EXERCISE INSTRUCTIONS: The lines to retype run from the one containing "Promotional photograph of Thom Yorke." through the end of the listing below. Reproduce them exactly, leaving out pictures.

GIVEN INFORMATION:
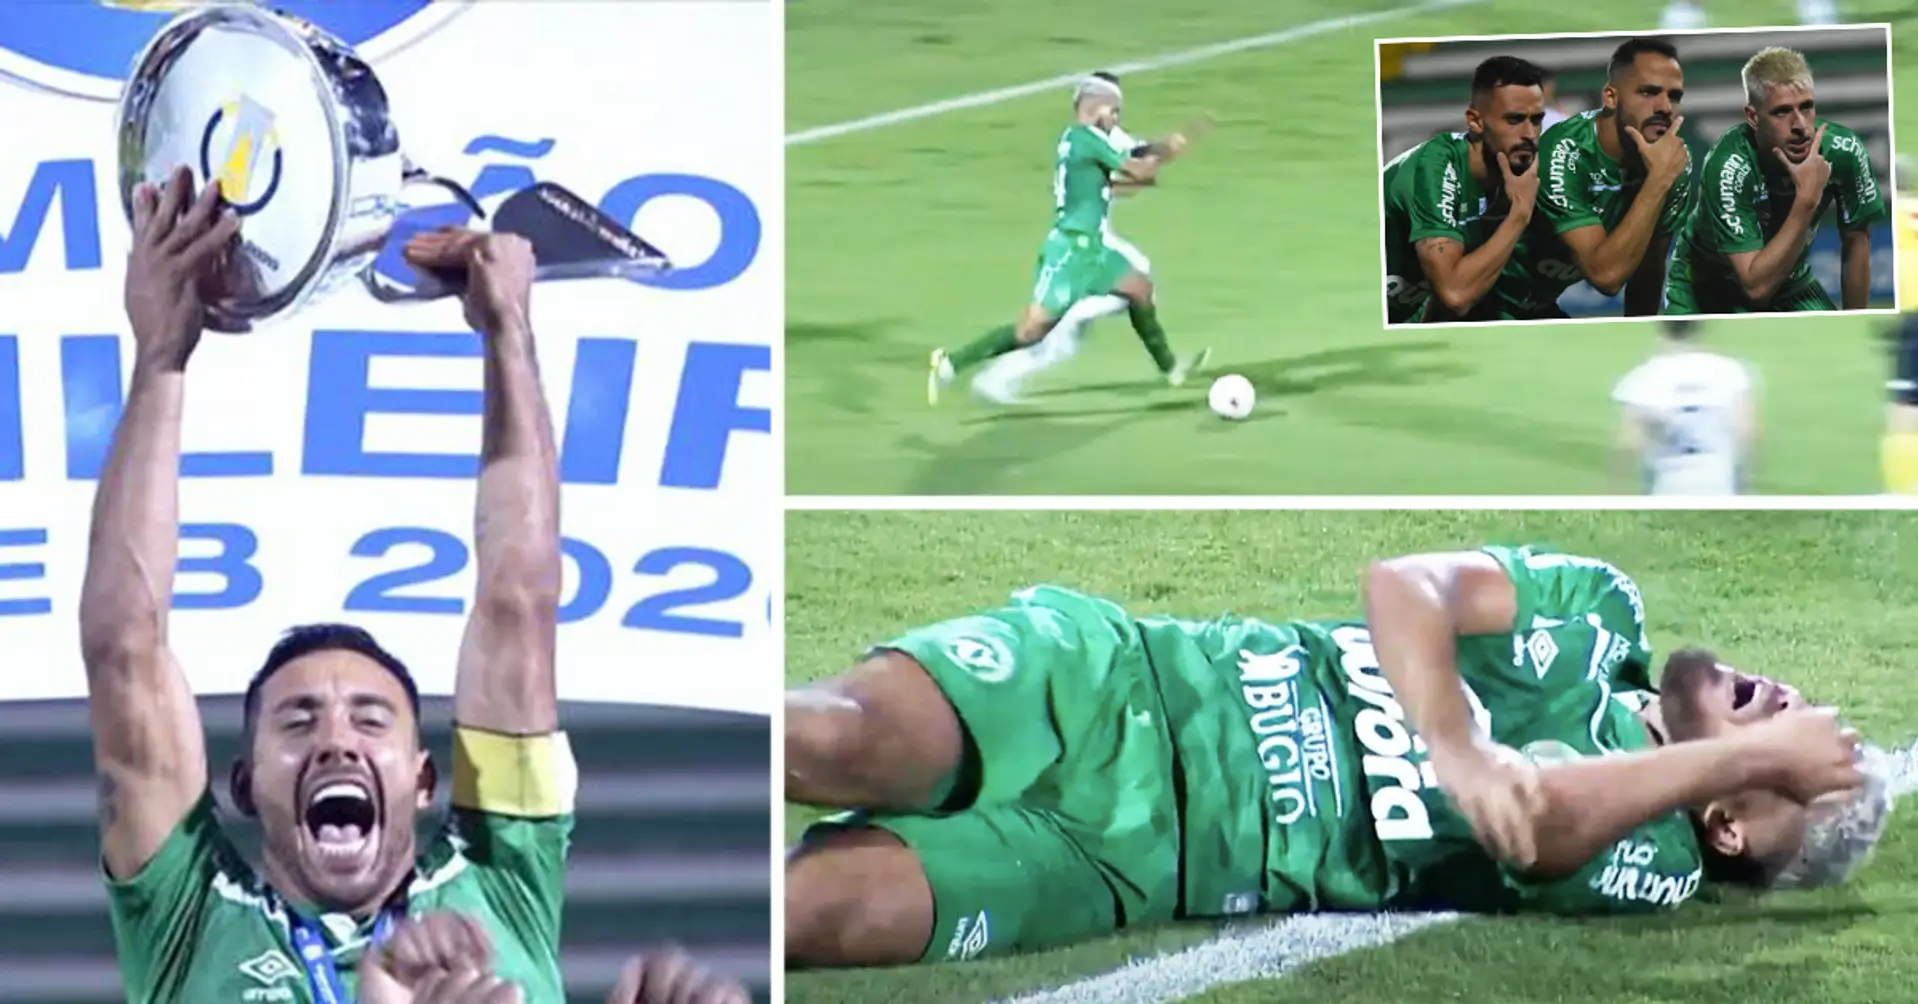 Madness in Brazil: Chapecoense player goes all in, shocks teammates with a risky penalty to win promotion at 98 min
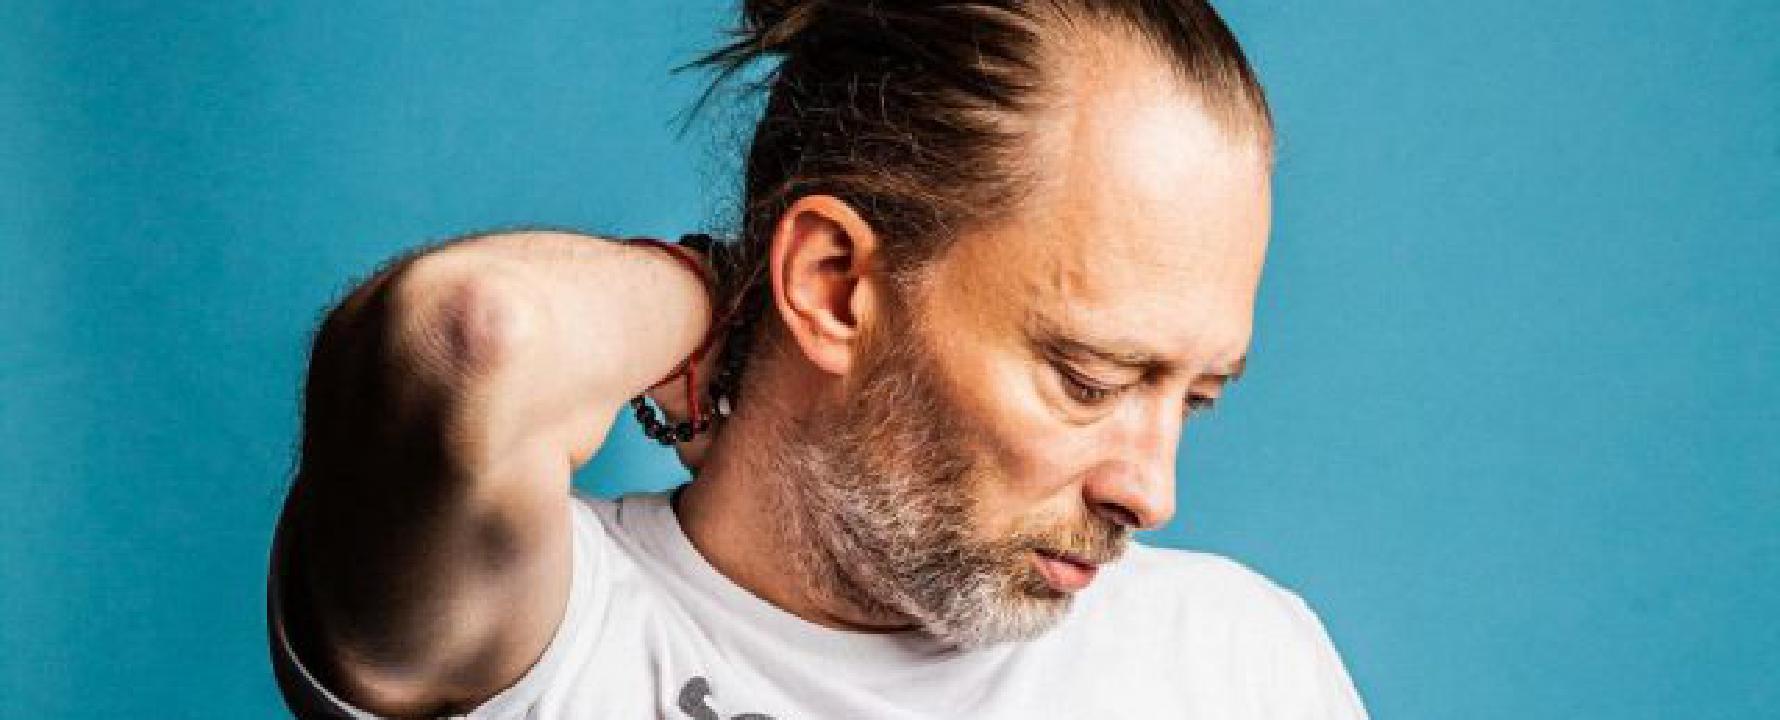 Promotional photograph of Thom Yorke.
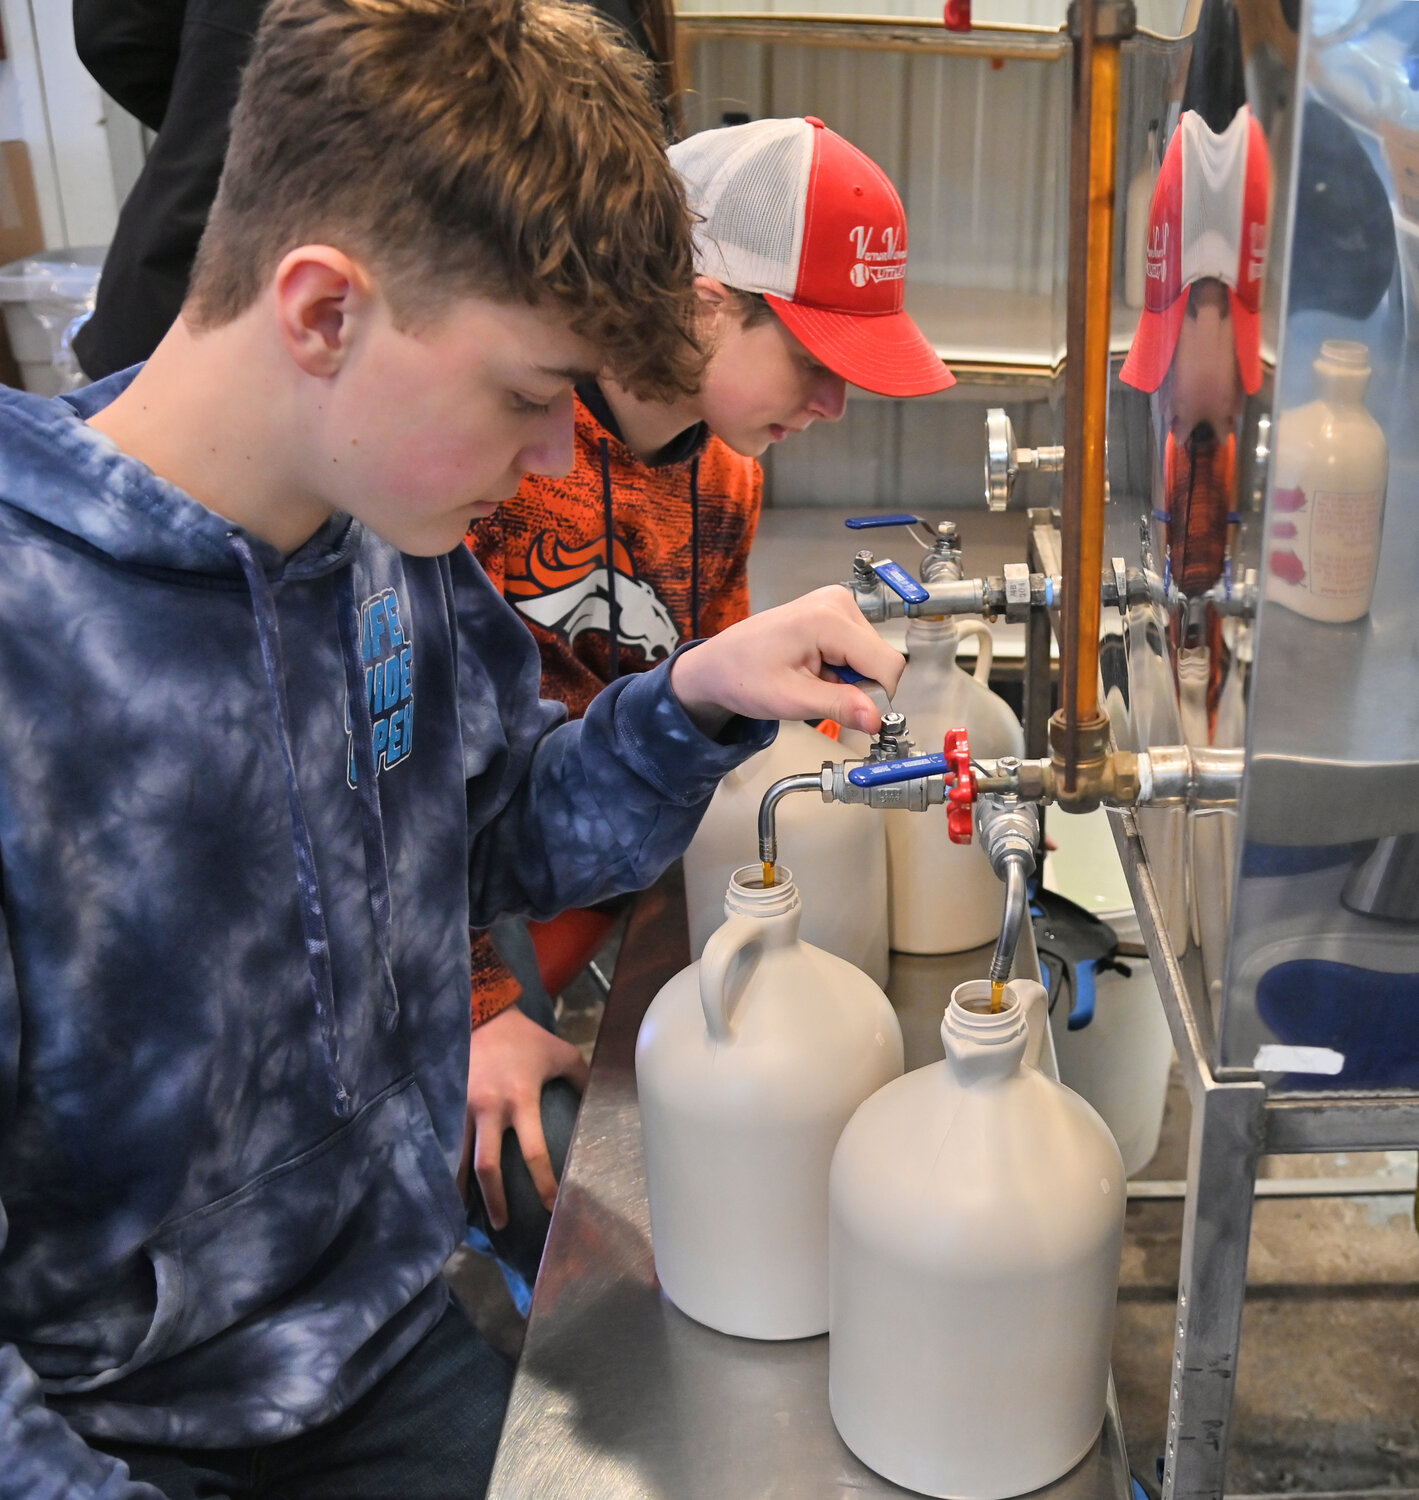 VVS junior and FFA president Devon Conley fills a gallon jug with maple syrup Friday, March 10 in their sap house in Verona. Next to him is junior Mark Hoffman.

YOUR RESPONSE:
 Promotional photograph of Thom Yorke.
 VVS junior and FFA president Devon Conley fills a gallon jug with maple syrup Friday, March 10 in their sap house in Verona. Next to him is junior Mark Hoffman.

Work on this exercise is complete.